Ferner wird es eine Verschiebung von IT-Leistungen von Onshore zu Nearshore geben, so Lünendonk. So wollen 26 Prozent der analysierten Unternehmen ihre lokal in Deutschland erbrachten IT-Leistungen reduzieren. 23 Prozent der Unternehmen werden in den kommenden zwei Jahren in größerem Umfang dagegen Nearshore-Standorte nutzen. Gleichzeitig planen jedoch auch 16 Prozent, IT-Leistungen aus Nearshore-Regionen abzuziehen und lokale IT-Ressourcen wieder aufzubauen. Die Gründe für Insourcing sind häufig Security- und Datenschutzanforderungen sowie Qualitätsoptimierungen.

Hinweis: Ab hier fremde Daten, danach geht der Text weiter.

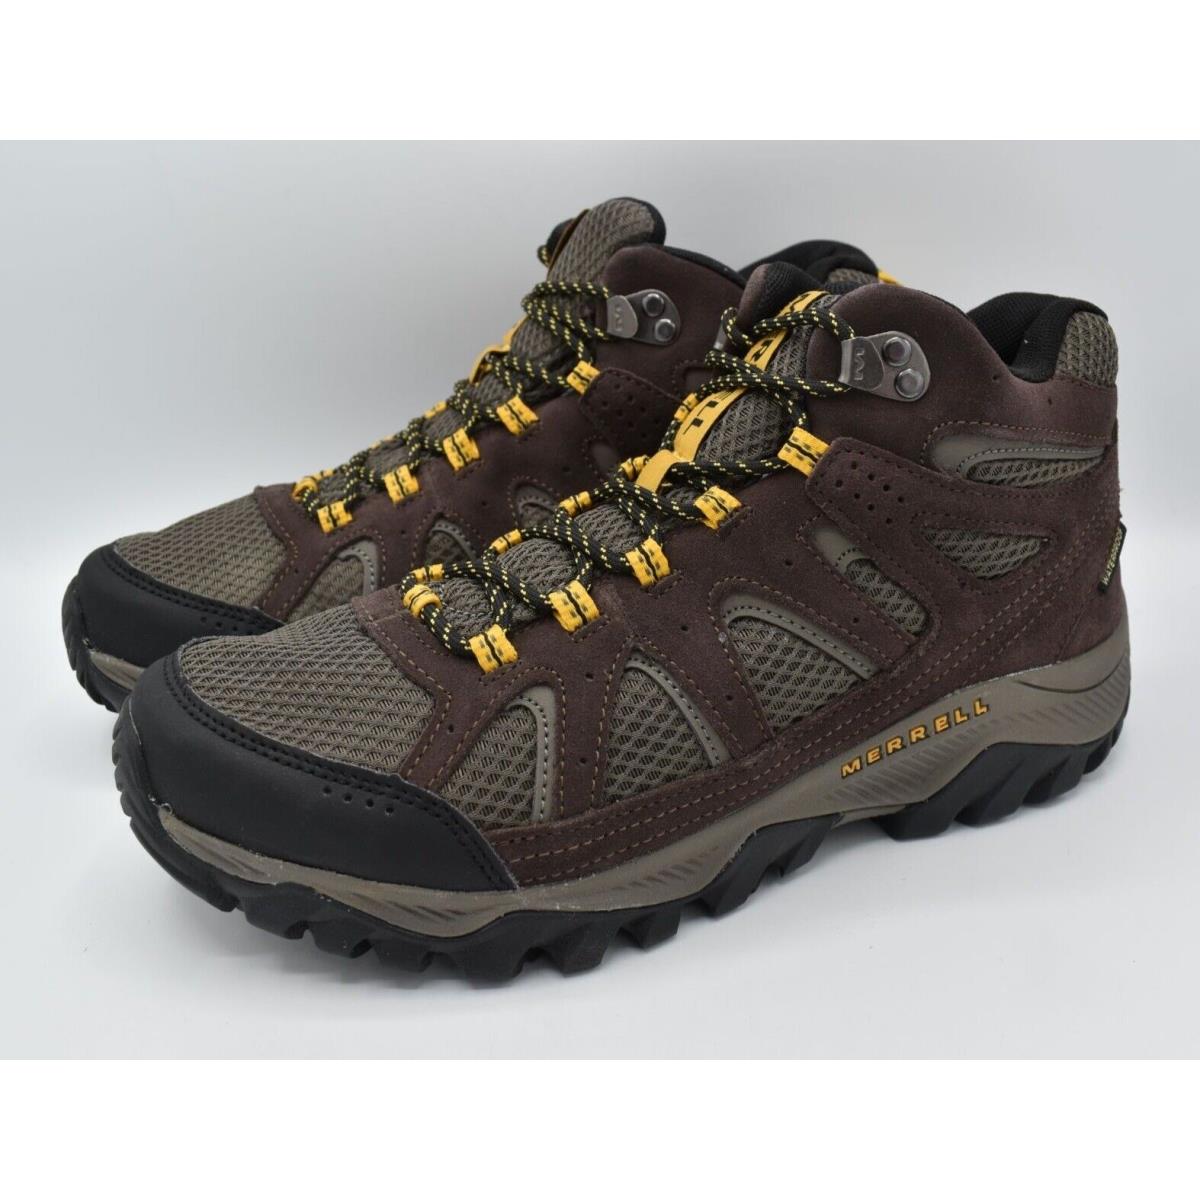 Merrell Men Size 12 Oakcreek Mid Waterproof Expresso Hiking Boots Shoes

„Die Sourcing-Strategien der CIOs und der Fachbereiche sowie der Druck der Unternehmen, erfolgreiche digitale Geschäftsmodelle zu entwickeln, führen zu einer Anpassung der Sourcing-Strategien, vor allem in Bezug auf veränderte Service-Level-Agreements, das IT-Service-Management und die Anpassung von Lieferantenverträgen. Diese Entwicklung wird die Nachfrage nach IT-Sourcing-Beratern beeinflussen“, ist sich Zillmann sicher.